Structured Concurrency (errgroup)
When to use: launch a batch of independent tasks concurrently, wait for them all to finish, and cancel the rest if any one fails.
import "golang.org/x/sync/errgroup"
func fetchAll(ctx context.Context, urls []string) ([][]byte, error) {
g, ctx := errgroup.WithContext(ctx)
results := make([][]byte, len(urls))
for i, url := range urls { // Go 1.22+ each iteration has its own variable, no more i, url := i, url
g.Go(func() error {
data, err := fetch(ctx, url)
if err != nil {
return err // the first non-nil error cancels ctx, cascading to the other tasks
}
results[i] = data
return nil
})
}
if err := g.Wait(); err != nil { // join point: wait for all, return the first error
return nil, err
}
return results, nil
}
Limiting concurrency (built into errgroup, equivalent to a built-in worker pool):
g, ctx := errgroup.WithContext(ctx)
g.SetLimit(8) // at most 8 tasks running at once
for _, job := range jobs {
g.Go(func() error { return process(ctx, job) })
}
err := g.Wait()
Key pitfalls
- Only returning an error from
g.Gotriggers the cascading cancellation; the task itself must listen forctx.Done()to actually exit early. - Multiple tasks writing different indices of the same slice is safe (no overlap); writing the same map / accumulating into the same variable still needs a lock or atomics.
- Don’t fire off bare
goand forget it—whenever you “launch a batch and need to wait for all,” use errgroup to get a clear join point.
Appendix: Two High-frequency Tools (look them up when you need them)

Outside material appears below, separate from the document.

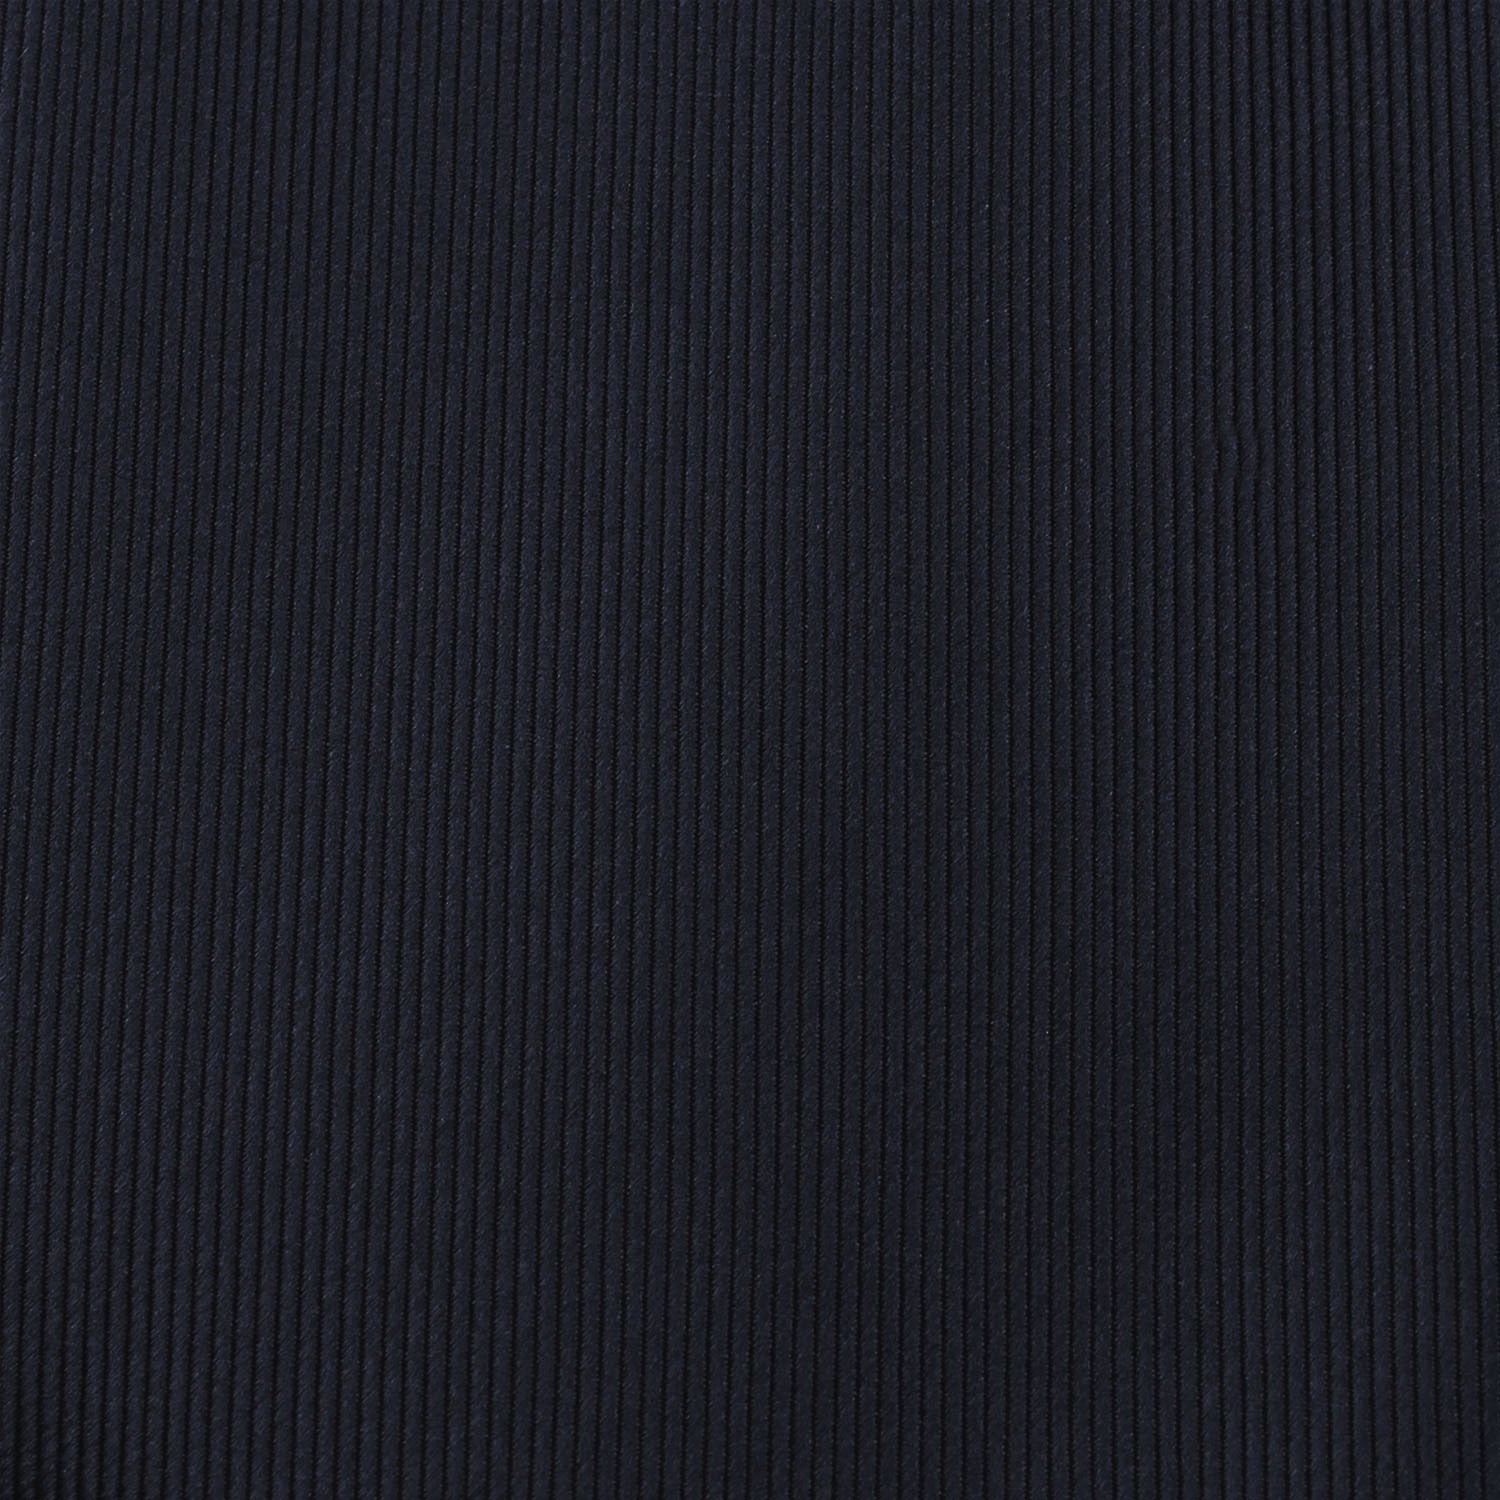 Navy Blue Line Fabric Self Tie Bow Tie X520

Singleflight—when concurrent requests hit the same key, only one actually runs and the rest share the result (prevents cache stampede):
import "golang.org/x/sync/singleflight"
var g singleflight.Group
func getUser(id string) (*User, error) {
v, err, _ := g.Do(id, func() (any, error) {
return queryUserFromDB(id) // concurrent calls for the same id query the DB once
})
if err != nil {
return nil, err
}
return v.(*User), nil
}
Rate limiting (token bucket)—control how many you process per second at most:
import "golang.org/x/time/rate"
limiter := rate.NewLimiter(rate.Limit(10), 1) // 10/sec, bucket capacity 1
for req := range requests {
if err := limiter.Wait(ctx); err != nil { // wait if no token is available (cancelable via ctx)
return
}
go handle(req)
}
Cheat Sheet: How to Choose
| Need | Use |
|---|---|
| Multiple parties read/write the same state | a lock (Mutex); use RWMutex for read-heavy; atomic for a single value |
| Initialize only once | sync.Once / sync.OnceValue |
| Data flowing between goroutines | channel (producer-consumer) |
| Broadcast one message to everyone | Pub/Sub Broker |
| One task goes to one worker | fan-out / worker pool |
| Exclusive state, want to avoid locks | Actor (exclusive goroutine + command channel) |
| Wait on multiple events (cancel/timeout/multiplex) | select |
| Process a data stream in stages | pipeline |
| Add controlled parallelism to a slow stage | worker pool / errgroup.SetLimit |
| Cancellation, timeout, leak prevention | context |
| Launch a batch, wait for all, cascade on failure | errgroup |
| Concurrent requests for the same resource compute once | singleflight |
| Control the processing rate | rate.Limiter |
In one sentence: the first half (locks / Once / channel / Pub-Sub) solves “how to share or pass state safely,” and the second half (select / pipeline / pool / context / errgroup) solves “how to organize, control, and wind down concurrent tasks.” If you can avoid sharing, communicate instead; if you must share, wrap it with the simplest synchronization possible; and every goroutine needs a clear exit path.